● **TASK MATERIAL**
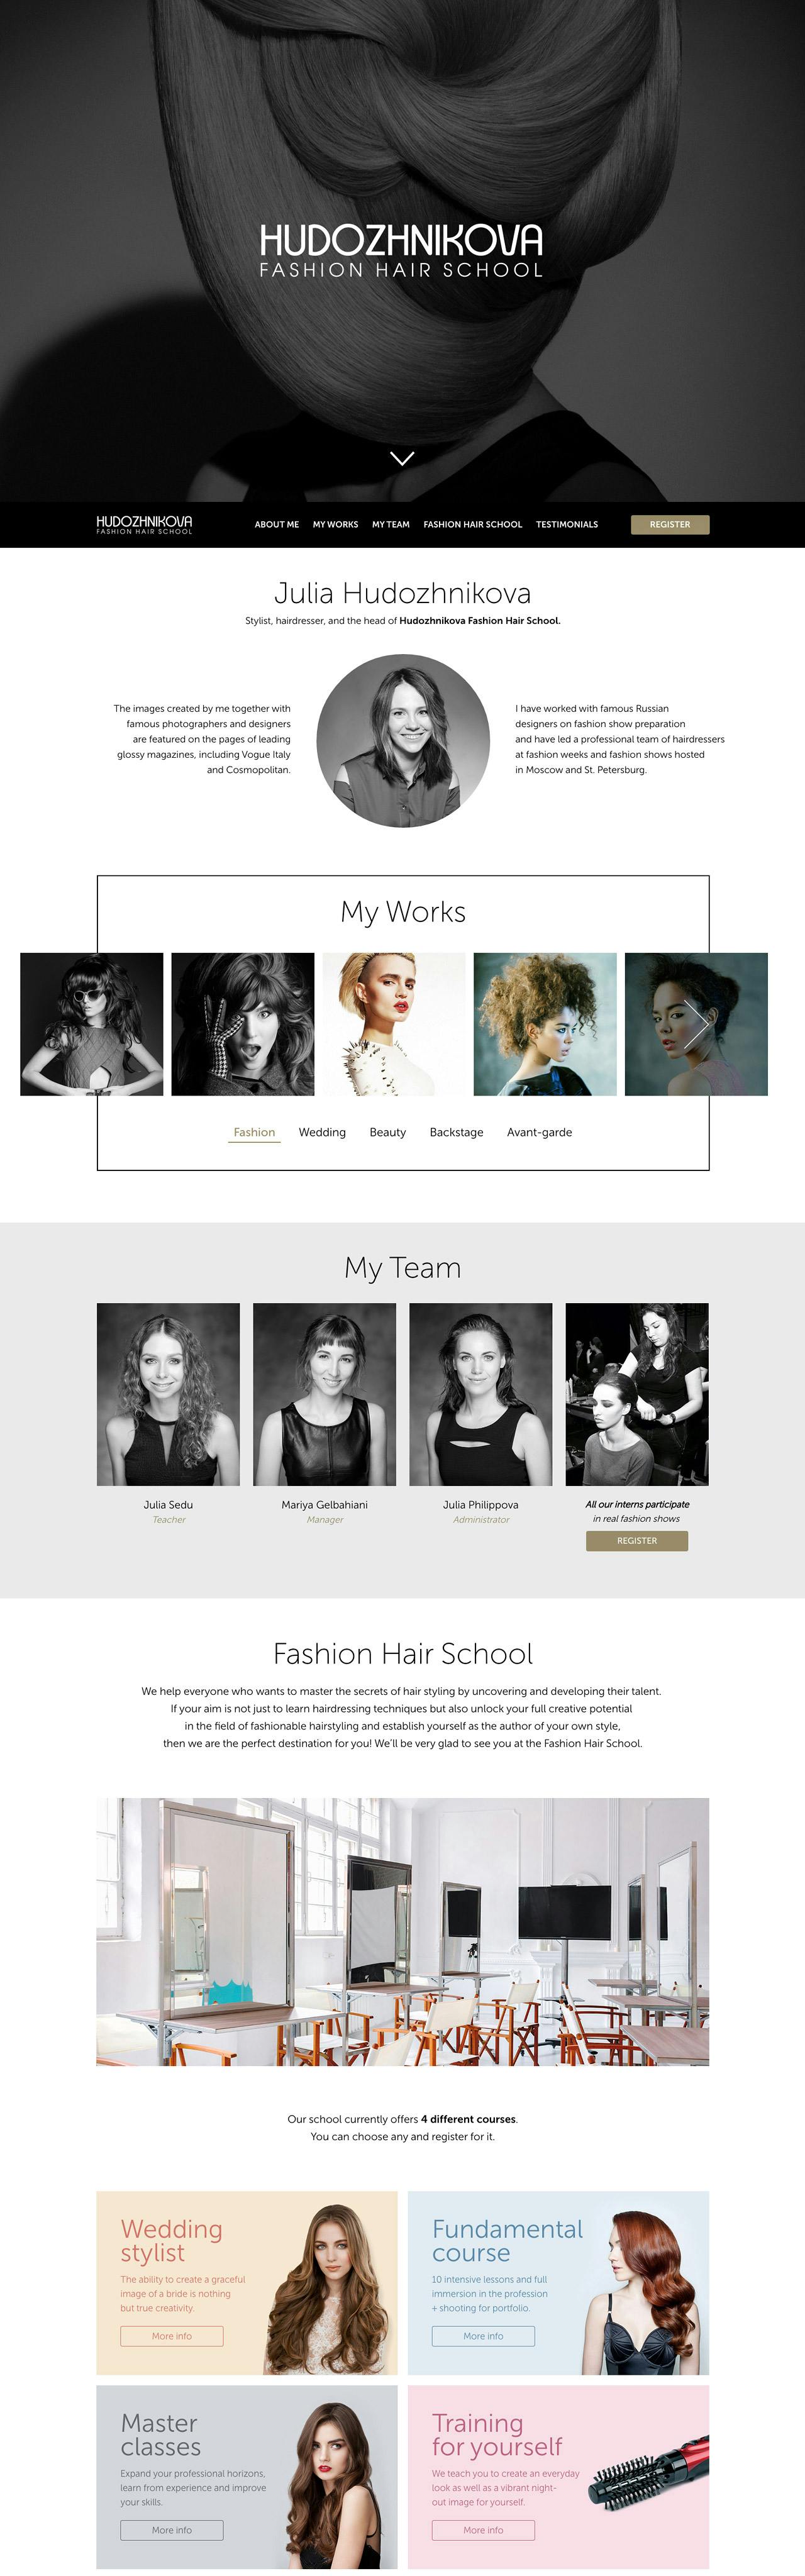 Hudozhnikova Fashion Hair School - One Page Website Award
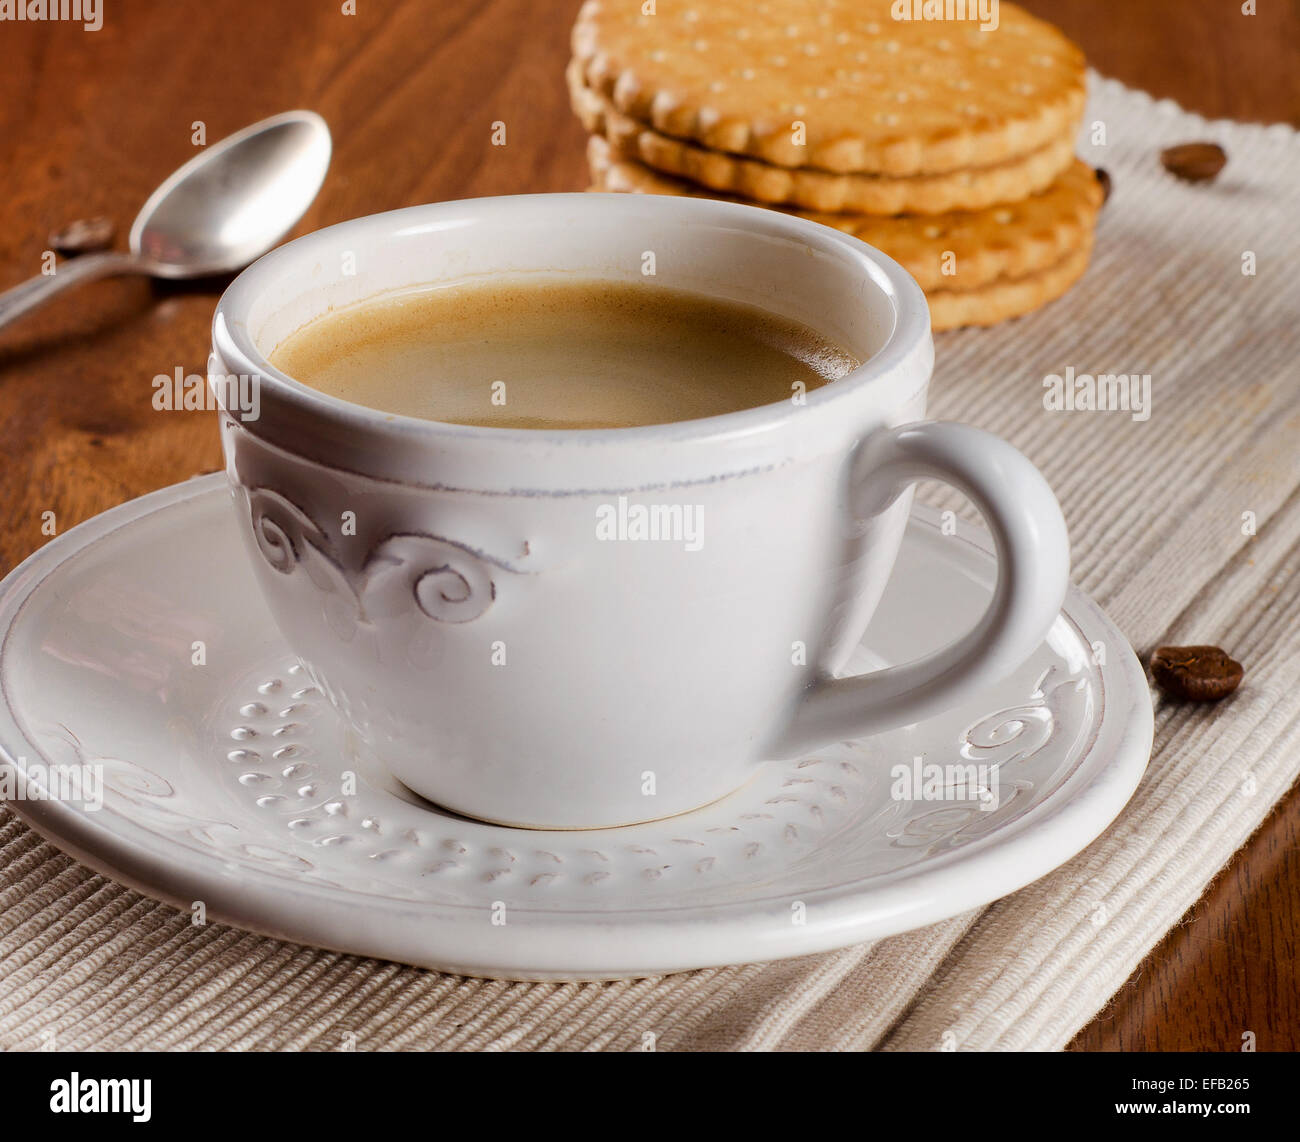 Tasse à café et cookies sur table en bois. Selective focus Banque D'Images
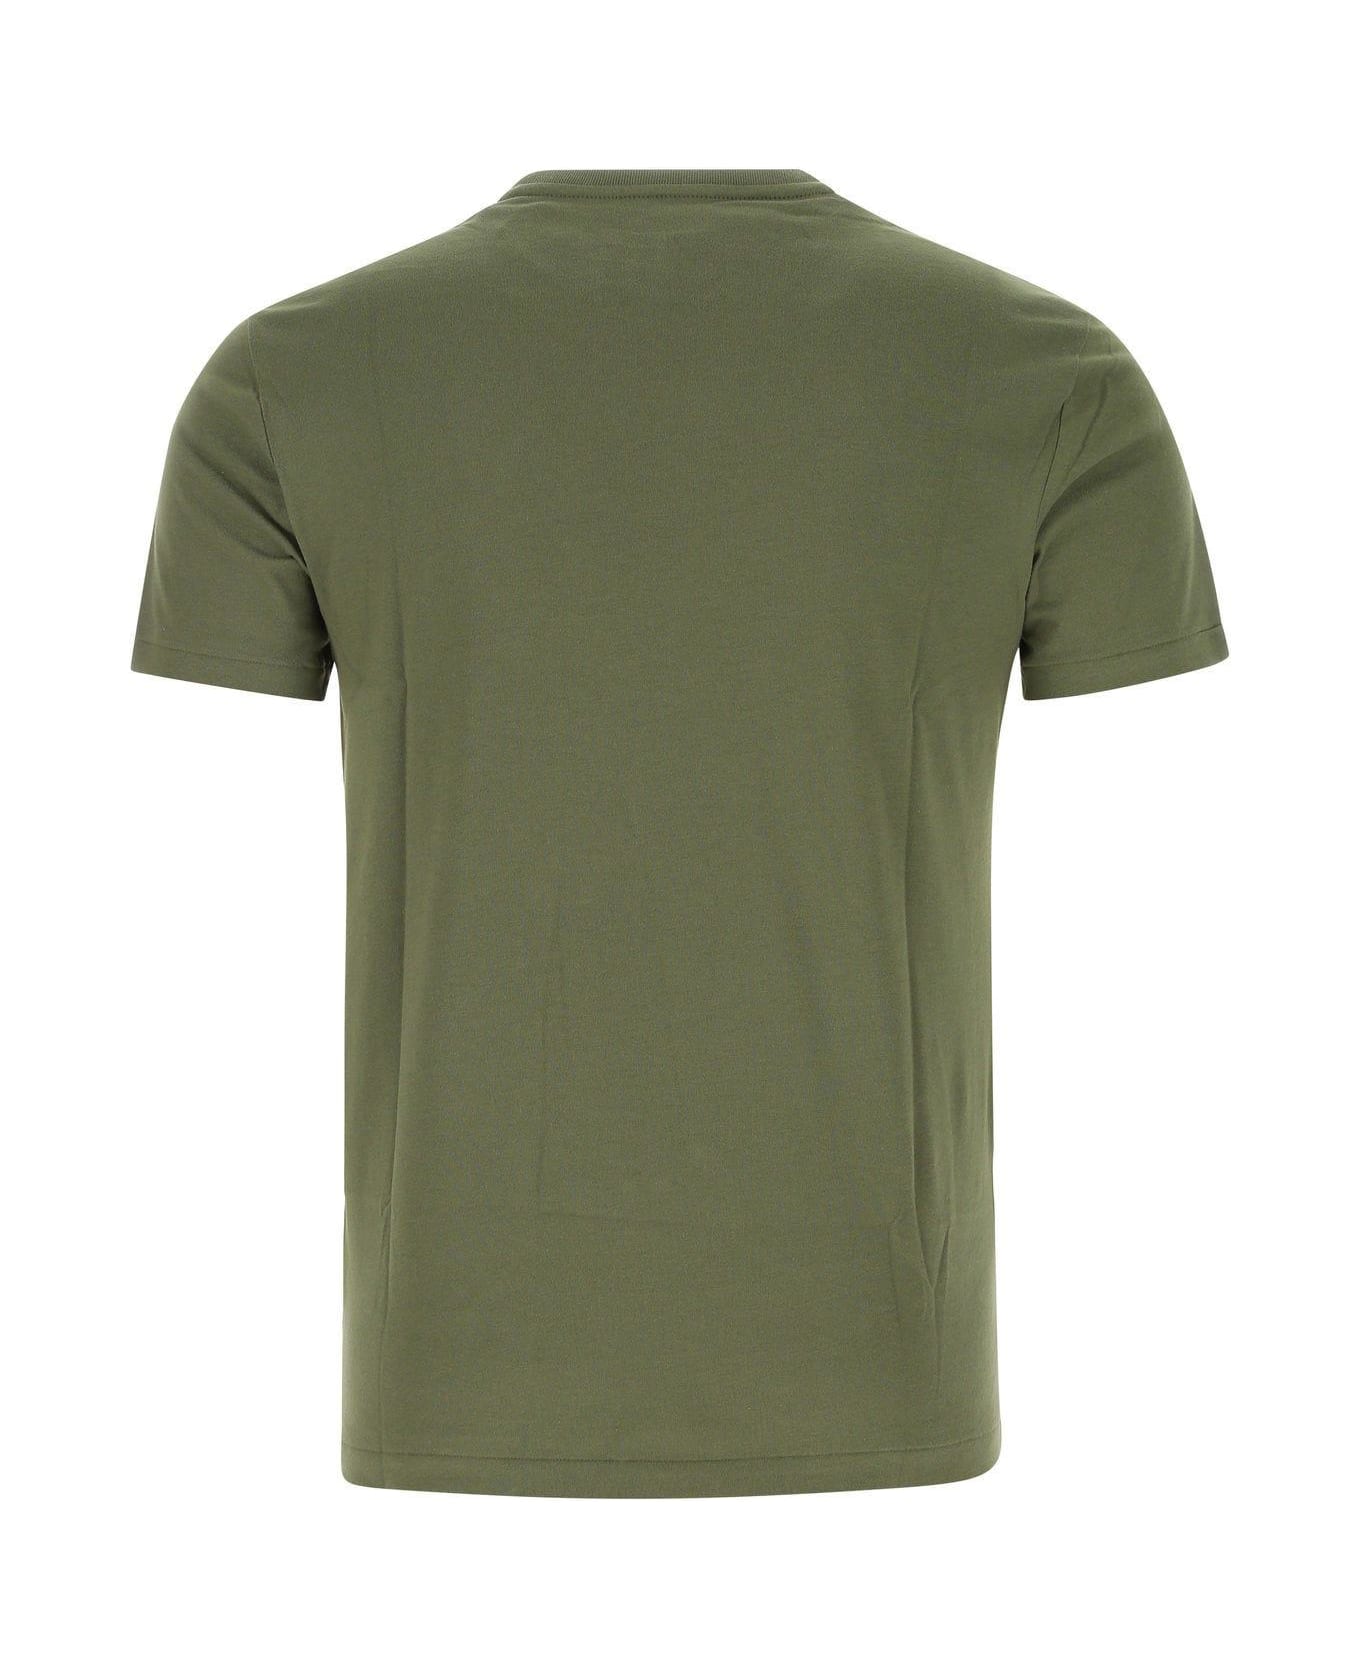 Polo Ralph Lauren Military Green Cotton T-shirt Polo Ralph Lauren - 292
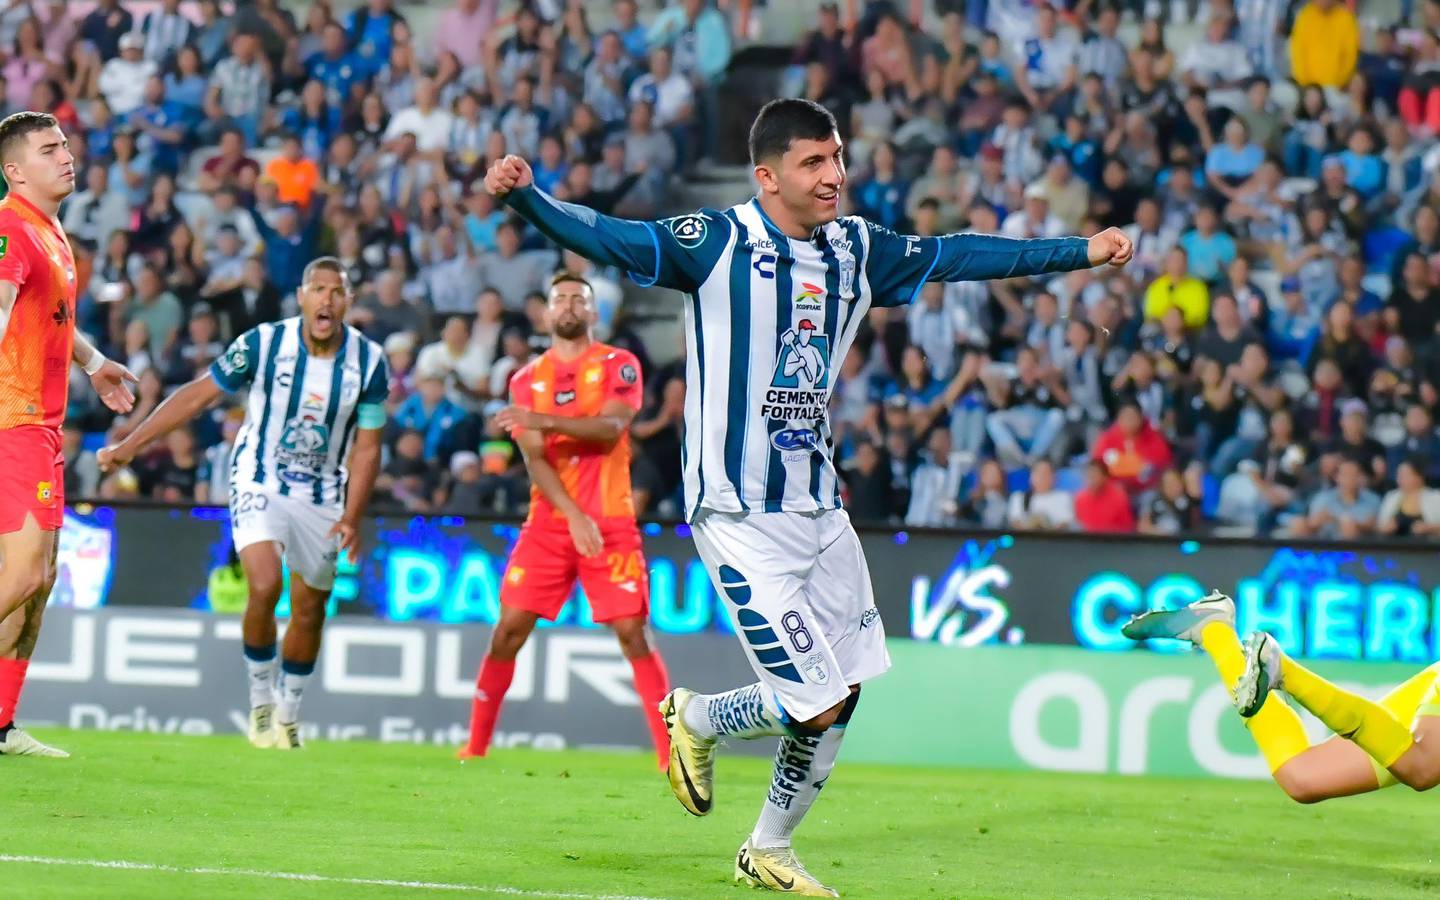 Pachuca no tuvo ningún inconveniente en avanzar a las semifinales de la Copa de Campeones de Concacaf, al ganarle los dos partidos a Herediano.
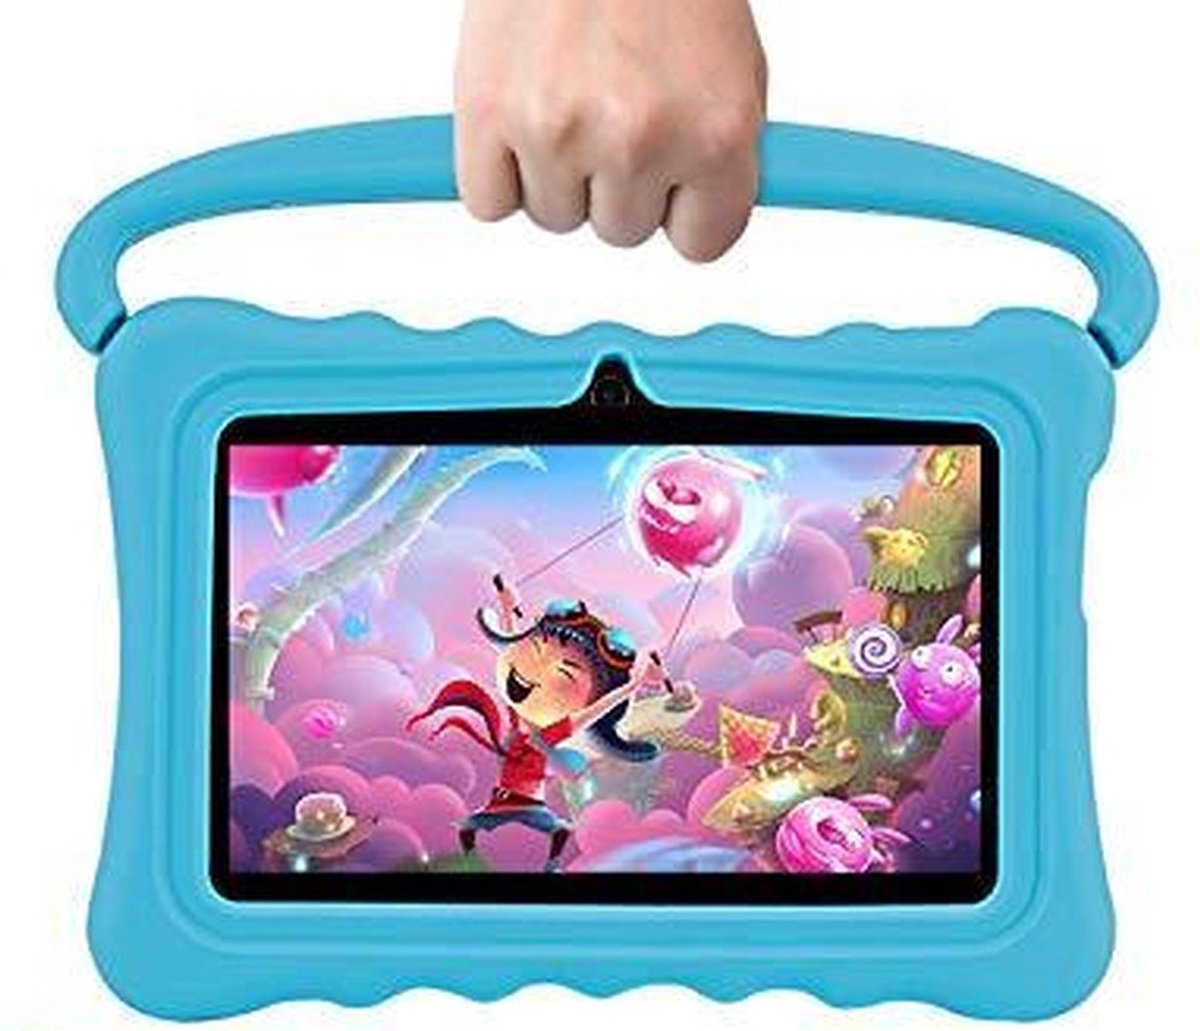 Lipa Veidoo kinder tablet Blue 7 inch - Met spellen software - Play store - Ouder bescherming - Speciaal IPS scherm met bescherming ogen - Met bumper - Veidoo

● **TASK GOAL**
Print the listing exactly, images excluded.

● **EXERCISE RESULT**
 Hudozhnikova Fashion Hair School - One Page Website Award
 Tasse à café et cookies sur table en bois. Selective focus Banque D'Images
 Polo Ralph Lauren Military Green Cotton T-shirt Polo Ralph Lauren - 292
 Pachuca no tuvo ningún inconveniente en avanzar a las semifinales de la Copa de Campeones de Concacaf, al ganarle los dos partidos a Herediano.
 Lipa Veidoo kinder tablet Blue 7 inch - Met spellen software - Play store - Ouder bescherming - Speciaal IPS scherm met bescherming ogen - Met bumper - Veidoo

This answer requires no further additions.